EXERCISE OBJECTIVE:
A faithful transcript of all the lines below, with no pictures, is the goal here.

DATA SHOWN:
=== Begin Enclosure ===
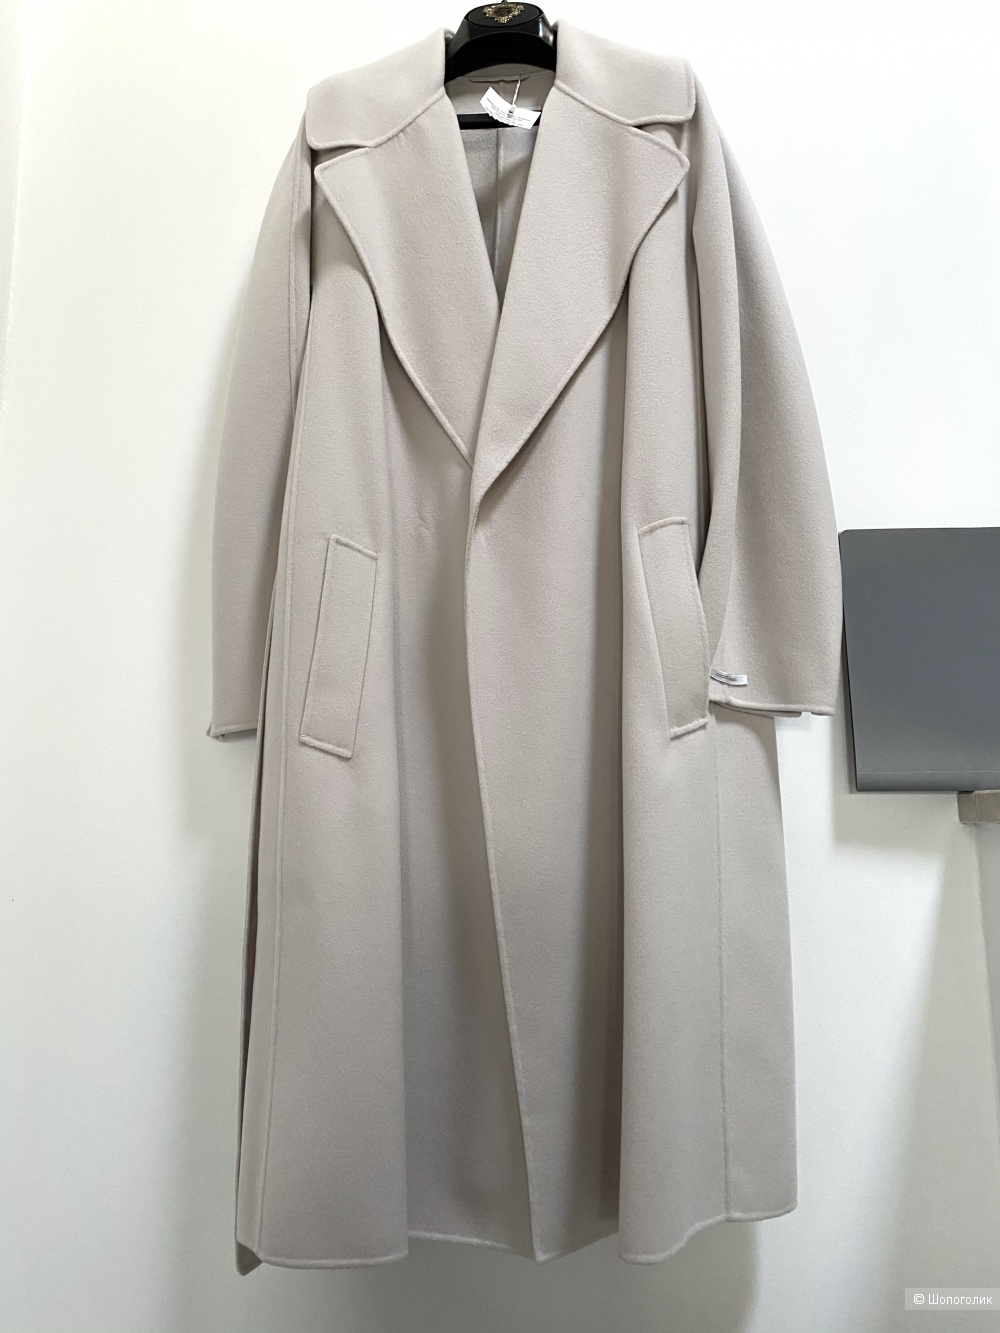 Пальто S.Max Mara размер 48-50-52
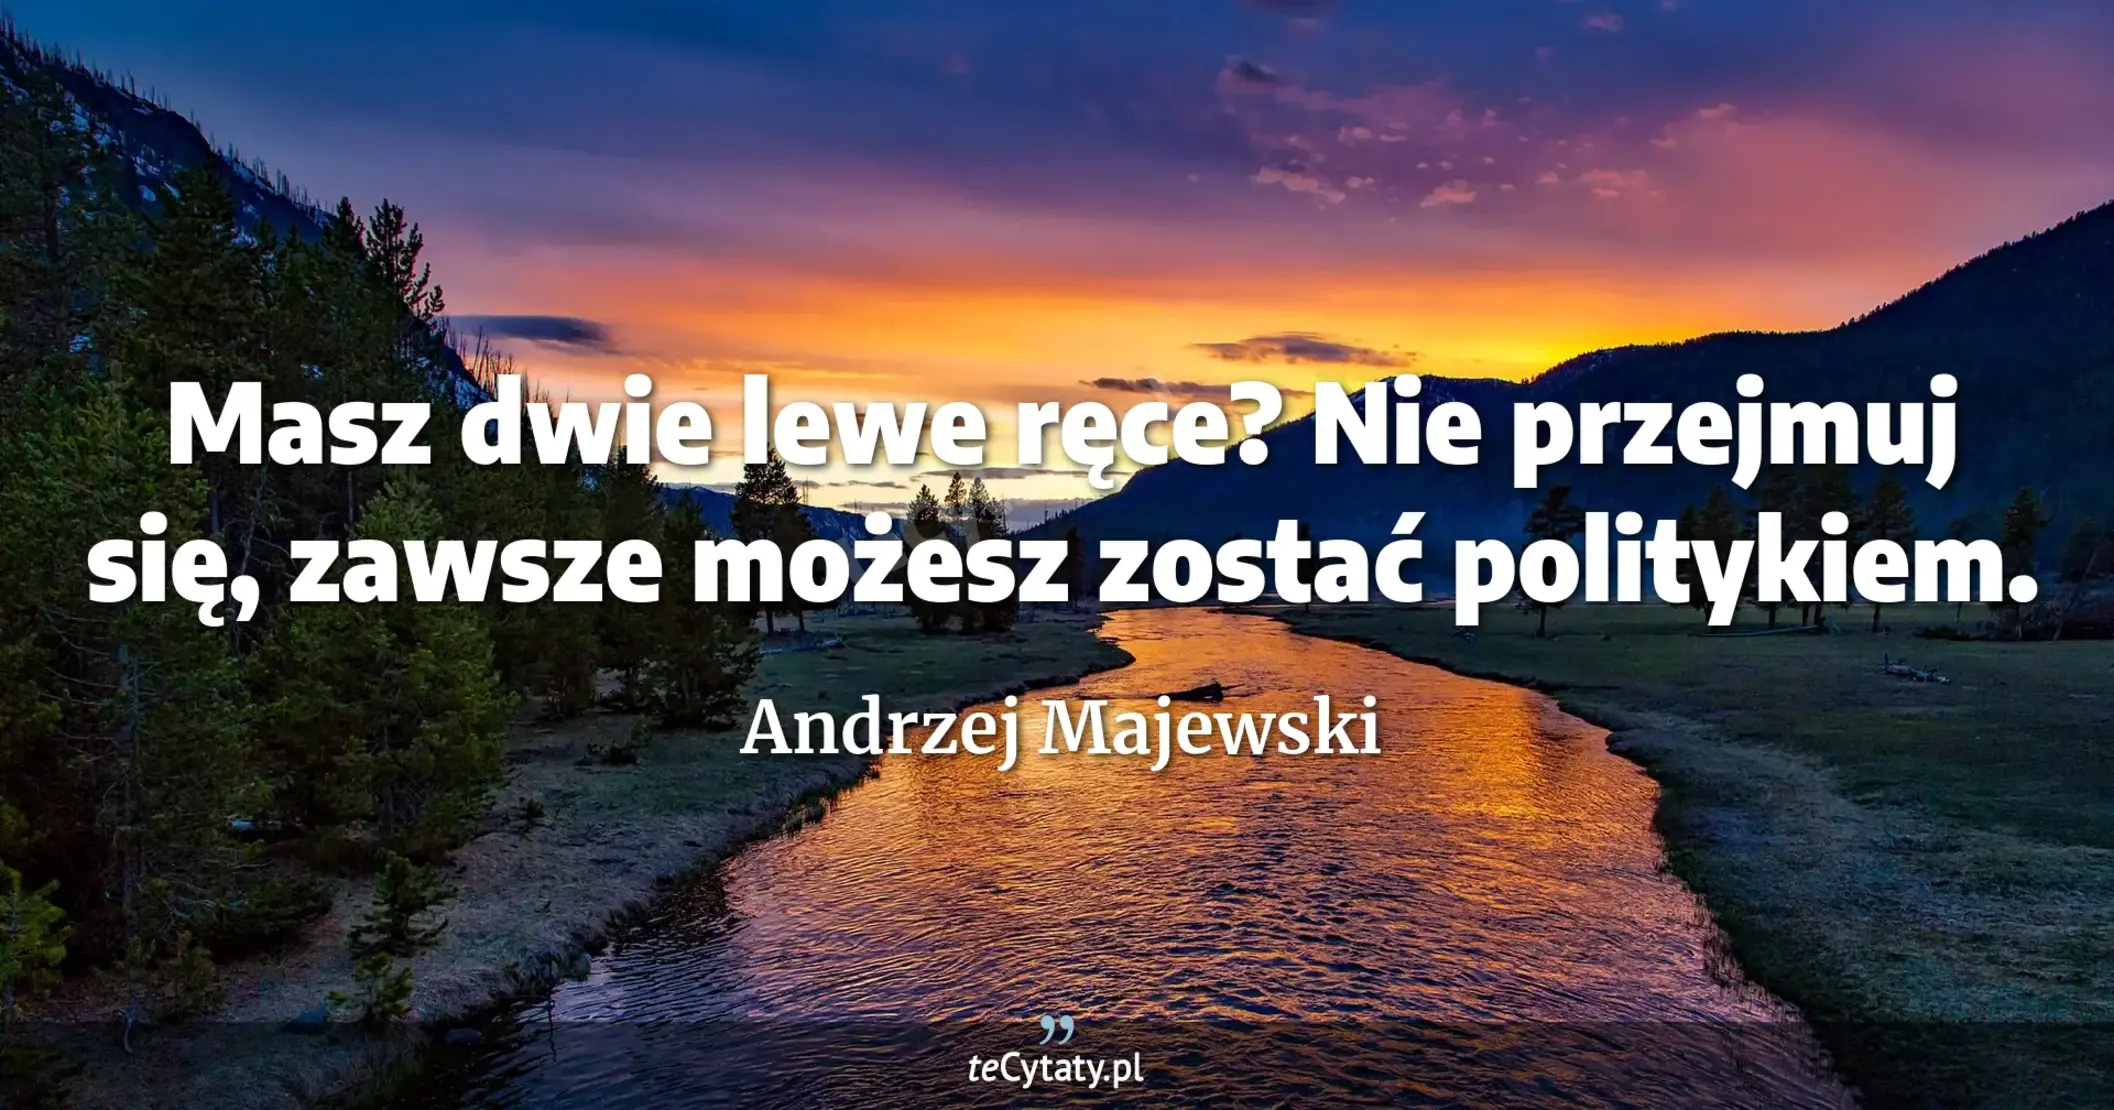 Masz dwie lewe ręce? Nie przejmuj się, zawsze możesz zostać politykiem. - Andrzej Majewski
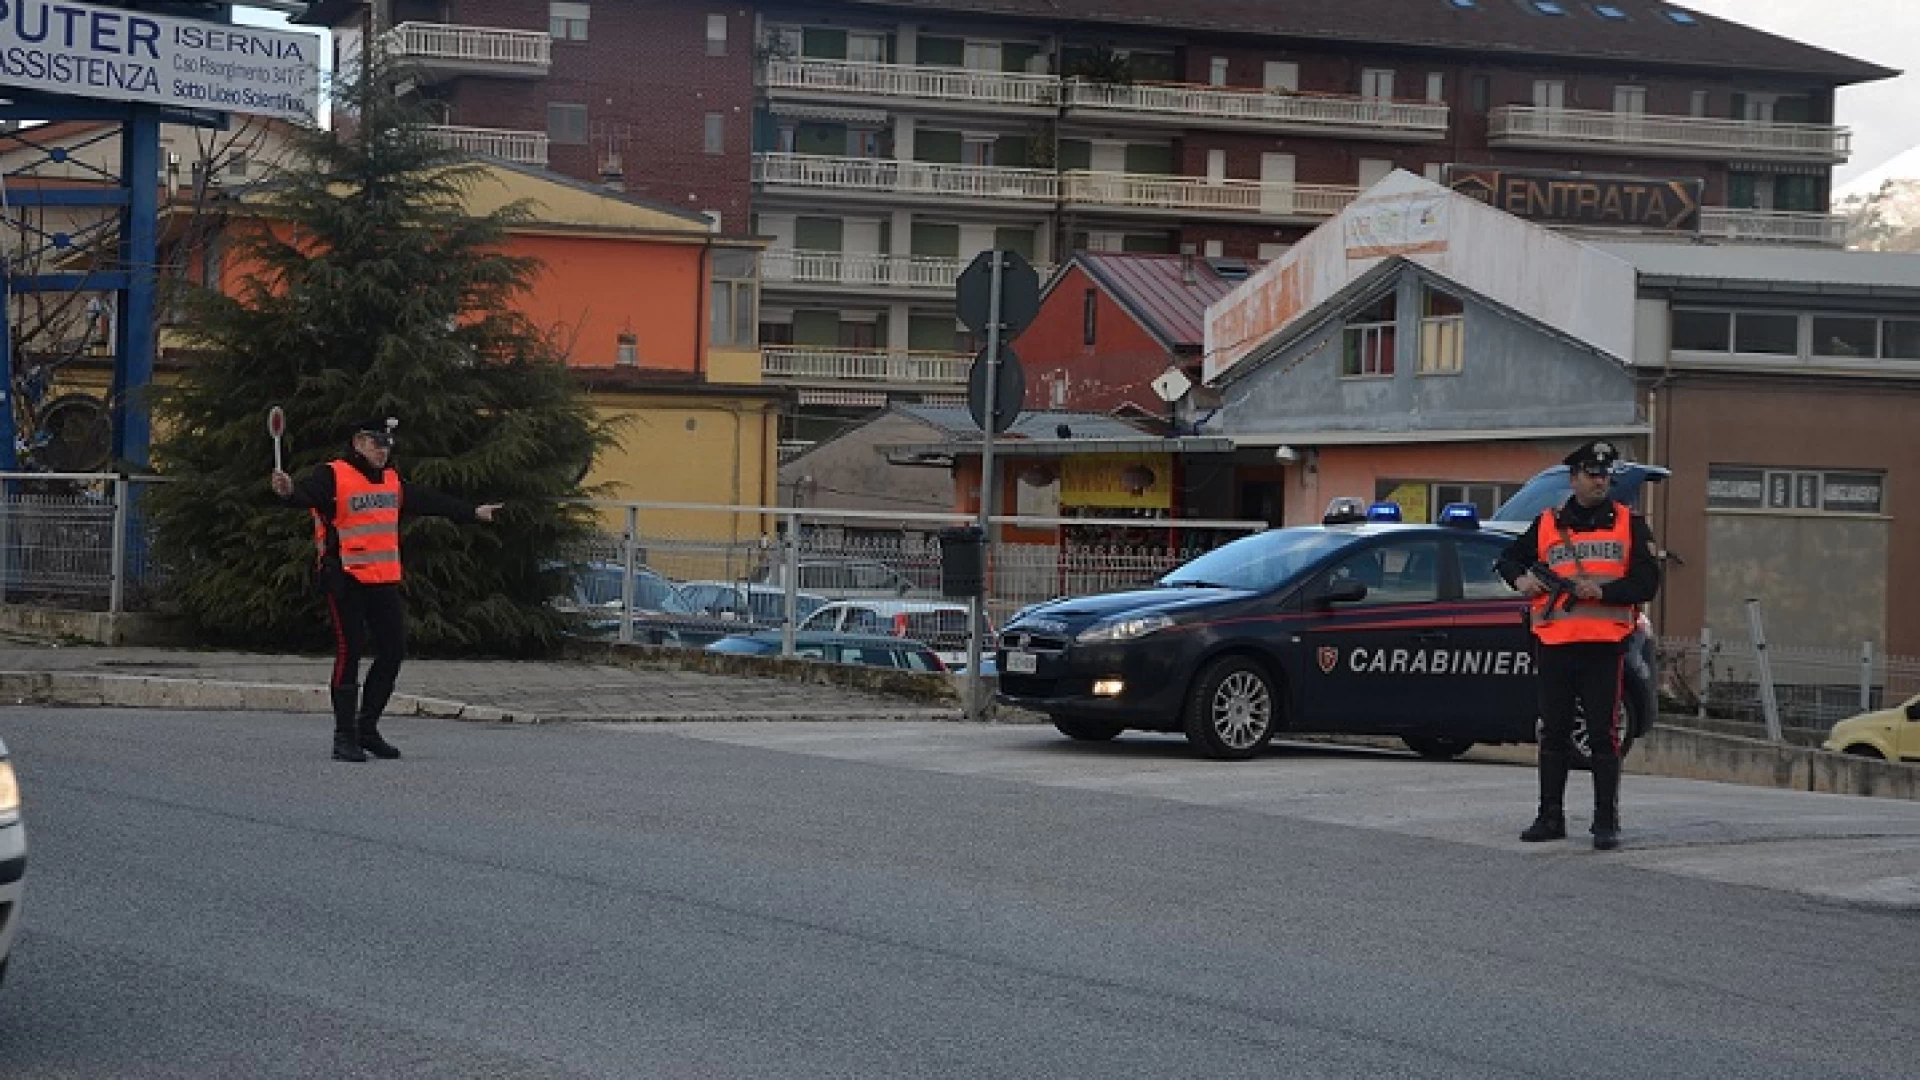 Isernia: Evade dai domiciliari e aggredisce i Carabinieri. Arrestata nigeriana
=== End Enclosure ===
EXERCISE RESPONSE:
 Пальто S.Max Mara размер 48-50-52
 Masz dwie lewe ręce? Nie przejmuj się, zawsze możesz zostać politykiem. - Andrzej Majewski
 Isernia: Evade dai domiciliari e aggredisce i Carabinieri. Arrestata nigeriana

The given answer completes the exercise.